In fact, it was our national intoxication on the emotional high of September 11 that got us into most of the messes we face now.

Certainly, Islamic terrorists are a dangerous threat. They can crash airplanes and skyscrapers; they can bomb subways and commuter trains. But Islamic terrorists can’t destroy America. There aren’t enough of ’em to storm our capitol and occupy our land from sea to shining sea. Only we can destroy America, from within. And some of us are doing a heck of a job.

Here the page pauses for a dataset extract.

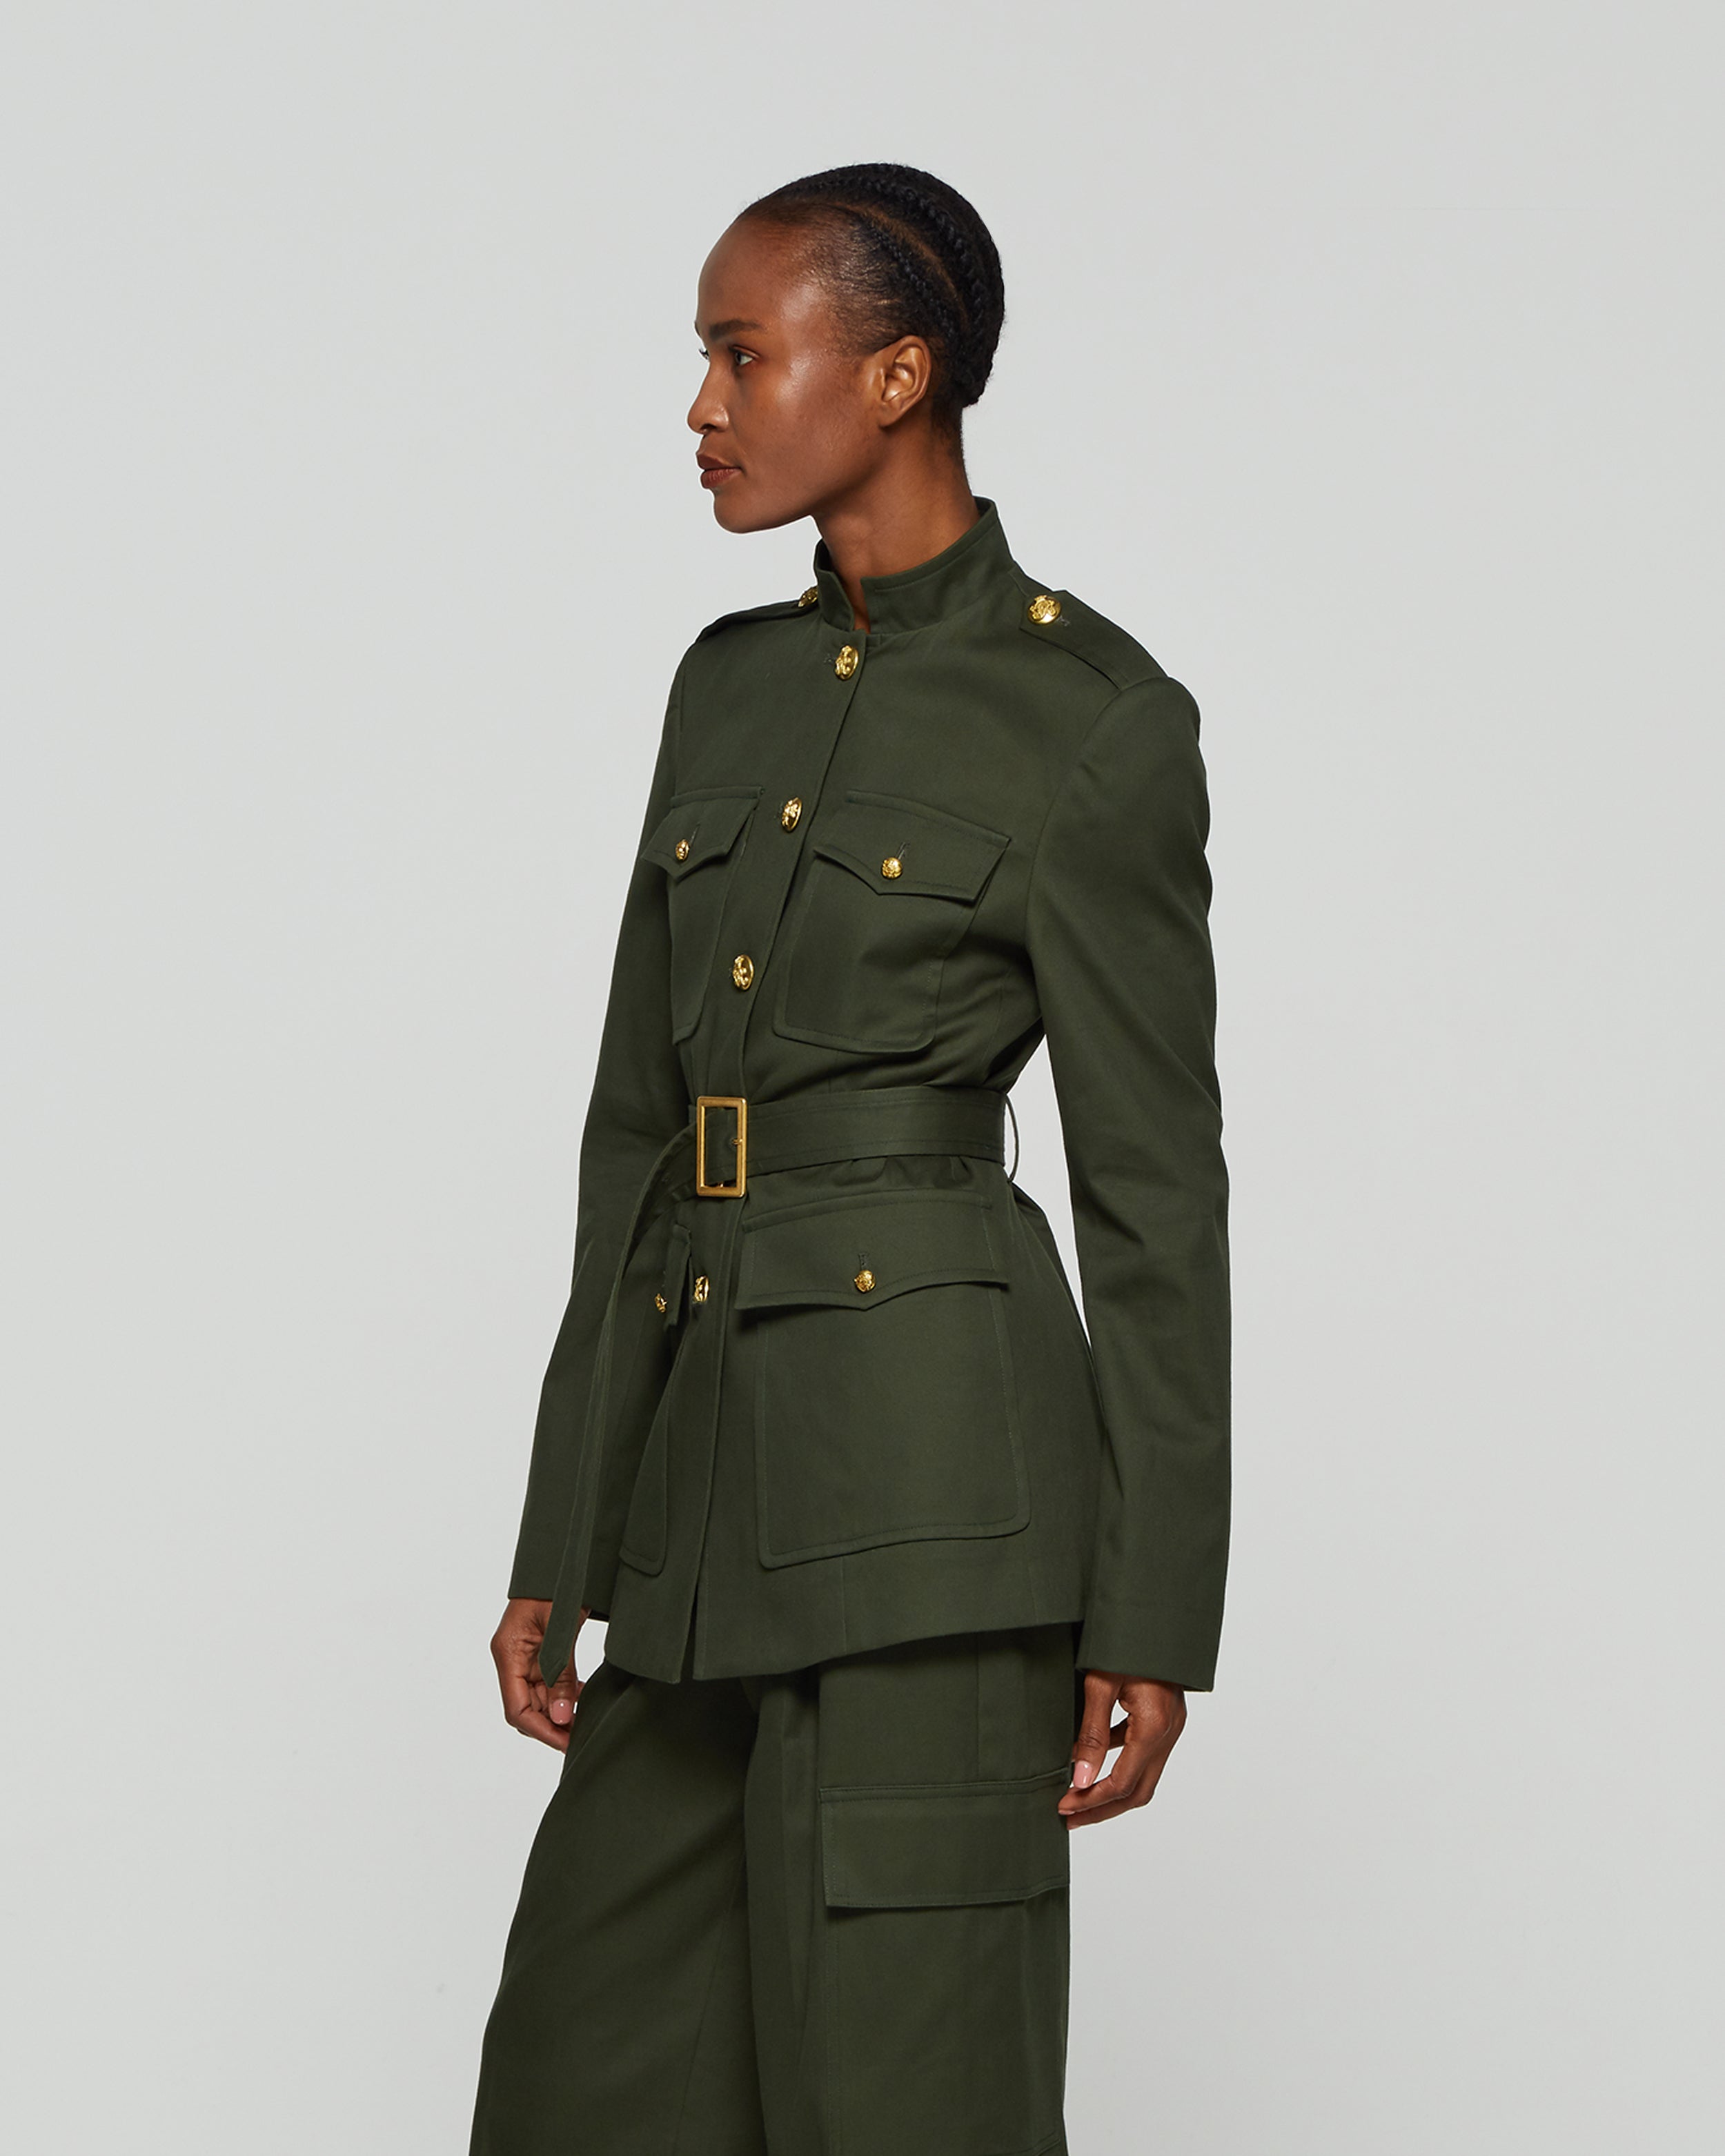 Green Military Jacket / Soulshine Boutique - soulshine boutique

A year ago Steven Biel wrote for the Boston Globe:

The rhetoric about squandered national unity invokes a fleeting moment of bipartisanship and 90 percent presidential approval ratings. This apolitical golden age was supposed to be part of 9/11’s silver lining, along with the “end of irony” and the more enduring images and stories of heroism at the World Trade Center and on Flight 93. But less unity of this kind might have spared us some of the rancor and recriminations that make us seem so divided now.

Stu Bykofsky wants the party to resume. I say it’s way past time to sober up.